BLACK FEM’ Art: féminisme & création #FIFBM

Premier événement d’une série de six événements spéciaux et d’une quarantaine de films représentant quatre continents, le vernissage de l’exposition BLACK FEM’ Art a marqué vendredi le lancement de la 12e édition du Festival International du Film Black de Montréal, qui s’étendra jusqu’au 2 octobre prochain.

We have a dream présentait l’année dernière l’incroyable parcours de 25 femmes noires américaines dans le cadre du festival. BLACK FEM’ Art prend cette année le relai avec la mise en exergue du travail de dix jeunes femmes noires montréalaises. Parmi elles, on retrouve les artistes Leona Carthy, Jessica Valoise, Keithy Antoine, Ma’liciouz, Fitabella, Shanna Strauss, Keish, Géraldine Entiope et Niti Marcelle.

Passée la découverte des oeuvres et l’appropriation de l’espace Mushagalusa, la jeune poétesse et chanteuse Rayana Speed somme les invités de fermer les yeux avant de livrer deux de ses poèmes mêlés de chant en acapella. Une intervention poignante qui rappelle le thème de l’édition 2016 – Speak up!faisant écho au déploiement du mouvement Black Lives Matter et aux manifestations contre la brutalité policière, dont la plus récente a eu lieu le 23 septembre dernier en Caroline du Nord.

NT7-300x300.jpg

Honorée d’avoir été choisie pour participer à cette exposition entourée de gens qui permettent à la culture de s’élever, Niti Marcelle – graphiste et illustratrice – perçoit son art avant tout comme un moyen d’expression.

Le féminisme et l’activisme social? “C’est sûr que c’est vraiment différent, mais ça se rejoint du fait que beaucoup de femmes qui sont noires et qui sont féministes vivent un peu les deux situations”, explique Niti Marcelle. “Je m’inspire plus de gens qui vivent ces situations. Je vais par exemple prendre une citation d’un artiste et je vais représenter ça à travers ce qu’il a pu se passer réellement.”

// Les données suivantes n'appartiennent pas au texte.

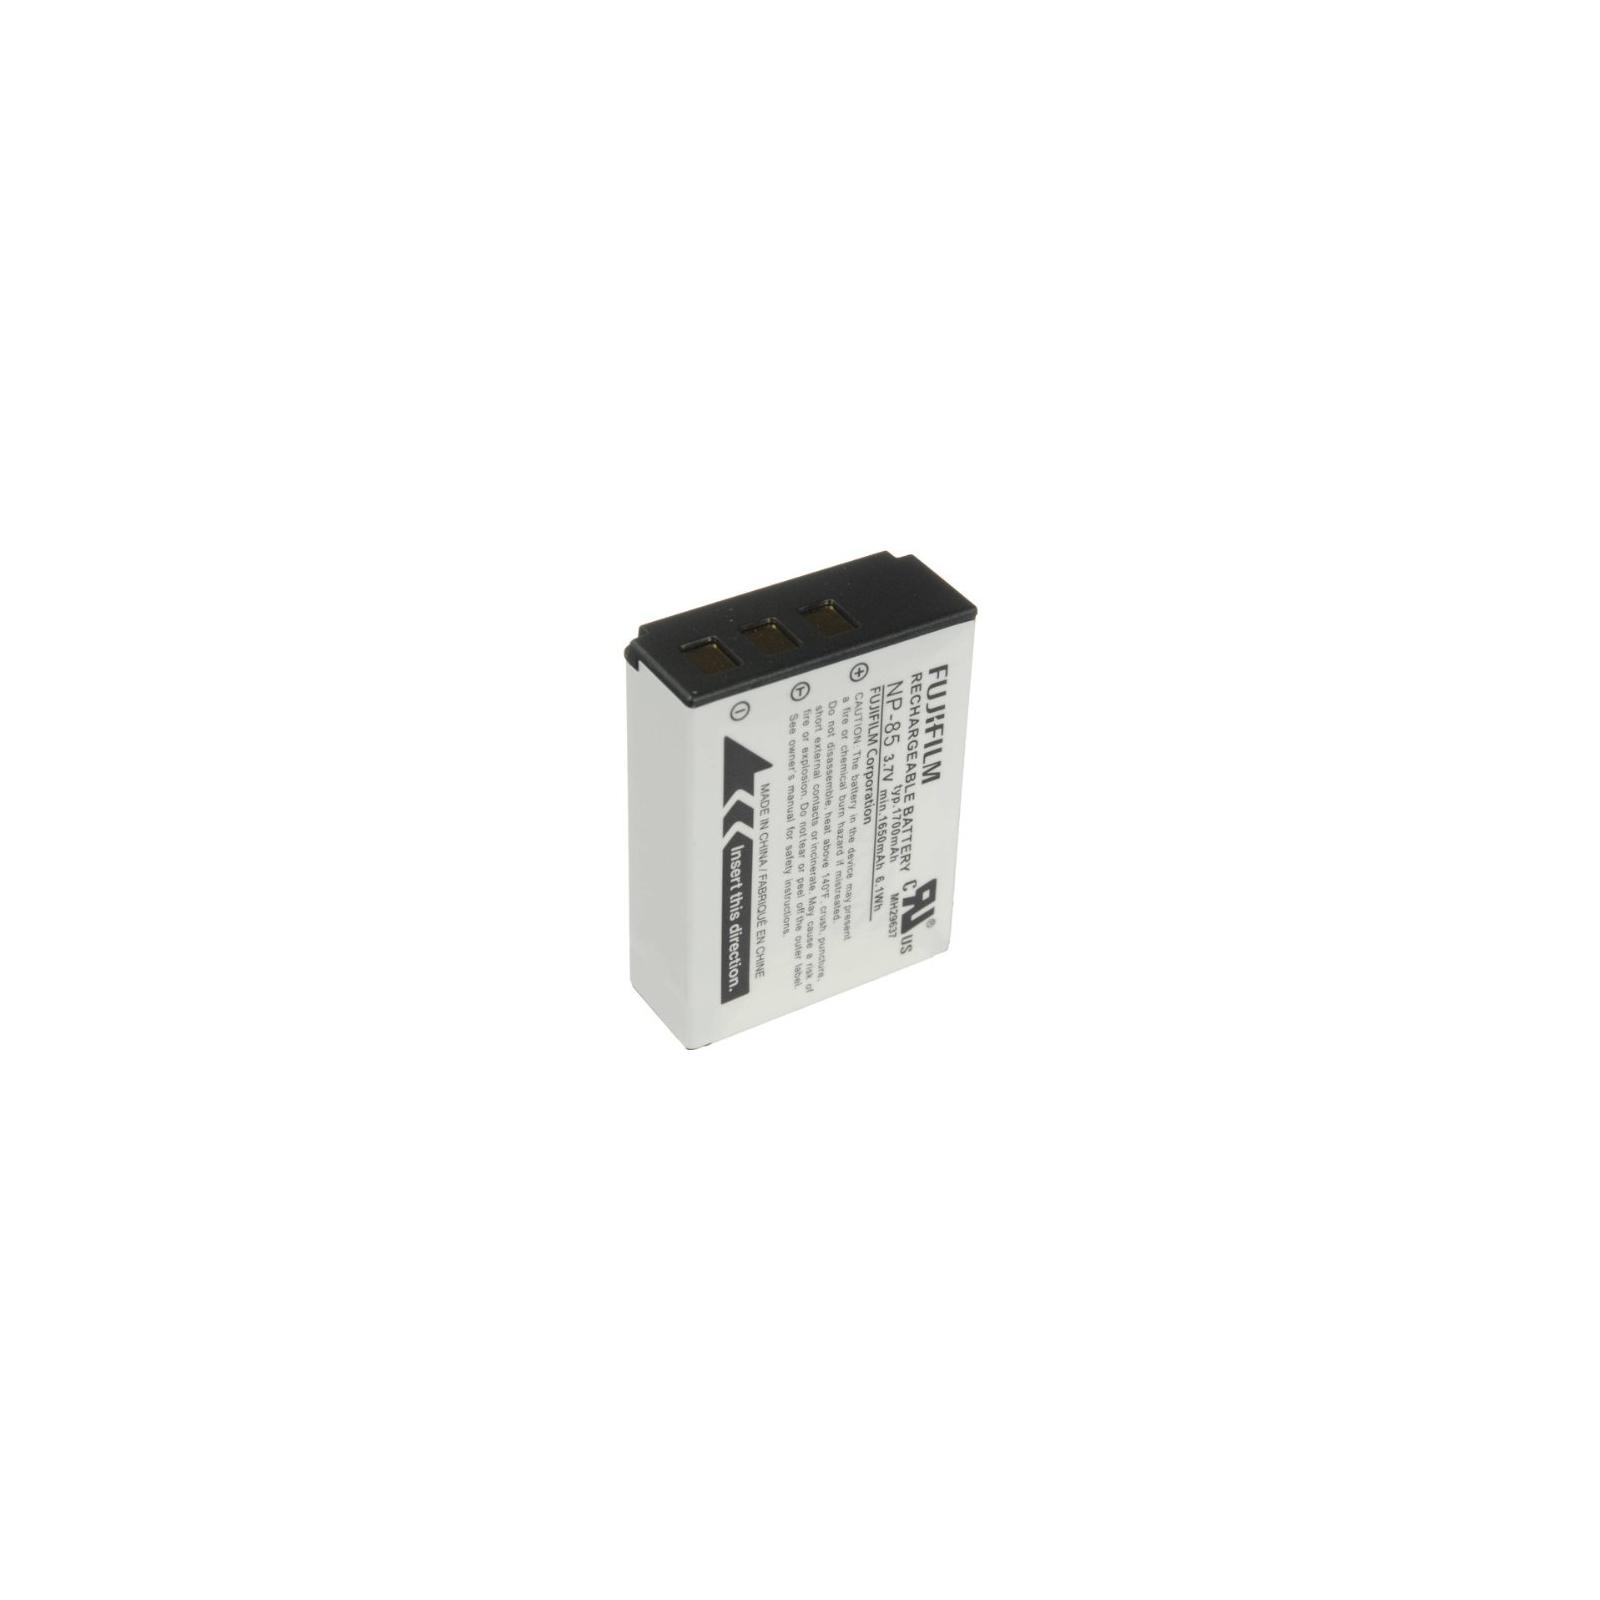 Аккумулятор к фото/видео Fujifilm NP-85-E (16226682) изображение 2

Deux des peintures de Niti Marcelle – alias Neetzie – sont exposées à l’espace Mushagalusa jusqu’au 1er octobre. Belle représente une femme métisse à moitié de dos et à la chevelure dominante. A l’inverse, La couronne n’est jamais tombée – dont le titre se révèle explicite – expose une femme noire chauve et aux traits fins rejoignant son habit dessiné par un vrai bout de tissu blanc. Simplicité et contrastes rappellent que tout se passe dans l’émotion véhiculée par le regard. Coloré, épuré et sensoriel: trois adjectifs qui viennent définir l’œuvre de Neetzie, également peintre et sérigraphe (technique d’imprimerie qui utilise des pochoirs).

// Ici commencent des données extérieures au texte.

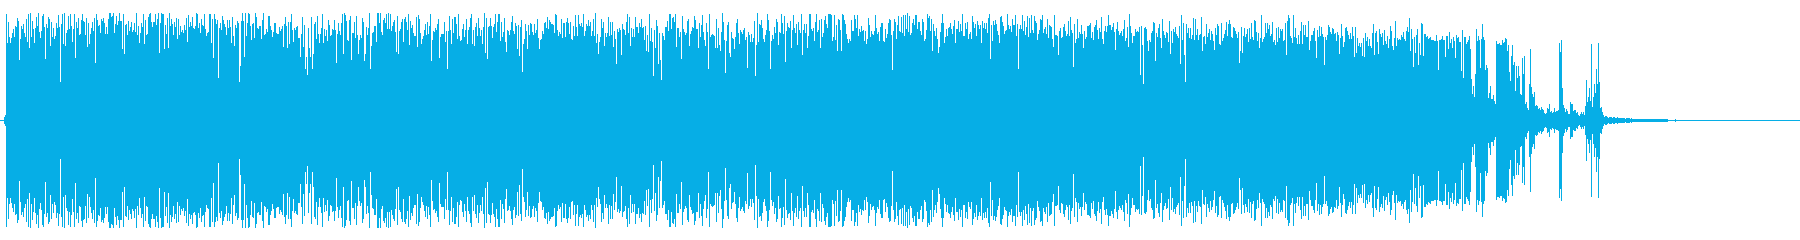 KANT 怪獣が変身する効果音1の再生済みの波形

Après des études de graphisme au Collège Ahuntsic de Montréal, la jeune femme souvent décrite comme activiste enchaîne les expériences et entame sa carrière d’artiste à seulement 20 ans. A la question “Montréal est-elle une ville où il est plus facile de s’épanouir en tant qu’artiste et femme noire?”, Neetzie reste d’un avis mitigé. “Oui et non. Oui car c’est une ville multiculturelle, les gens sont ouverts, ils comprennent le sujet et ne vont pas nécessairement juger. Mais non, car durant mes trois dernières années en art j’ai eu beaucoup de remarques un peu racistes, par rapport aux thèmes que j’identifiais dans mon art.” L’artiste d’origine camerounaise et haïtienne croit réellement au changement des mentalités, mais comme elle le dit dans sa biographie, c’est un changement qui doit avant tout passer par sa propre personne.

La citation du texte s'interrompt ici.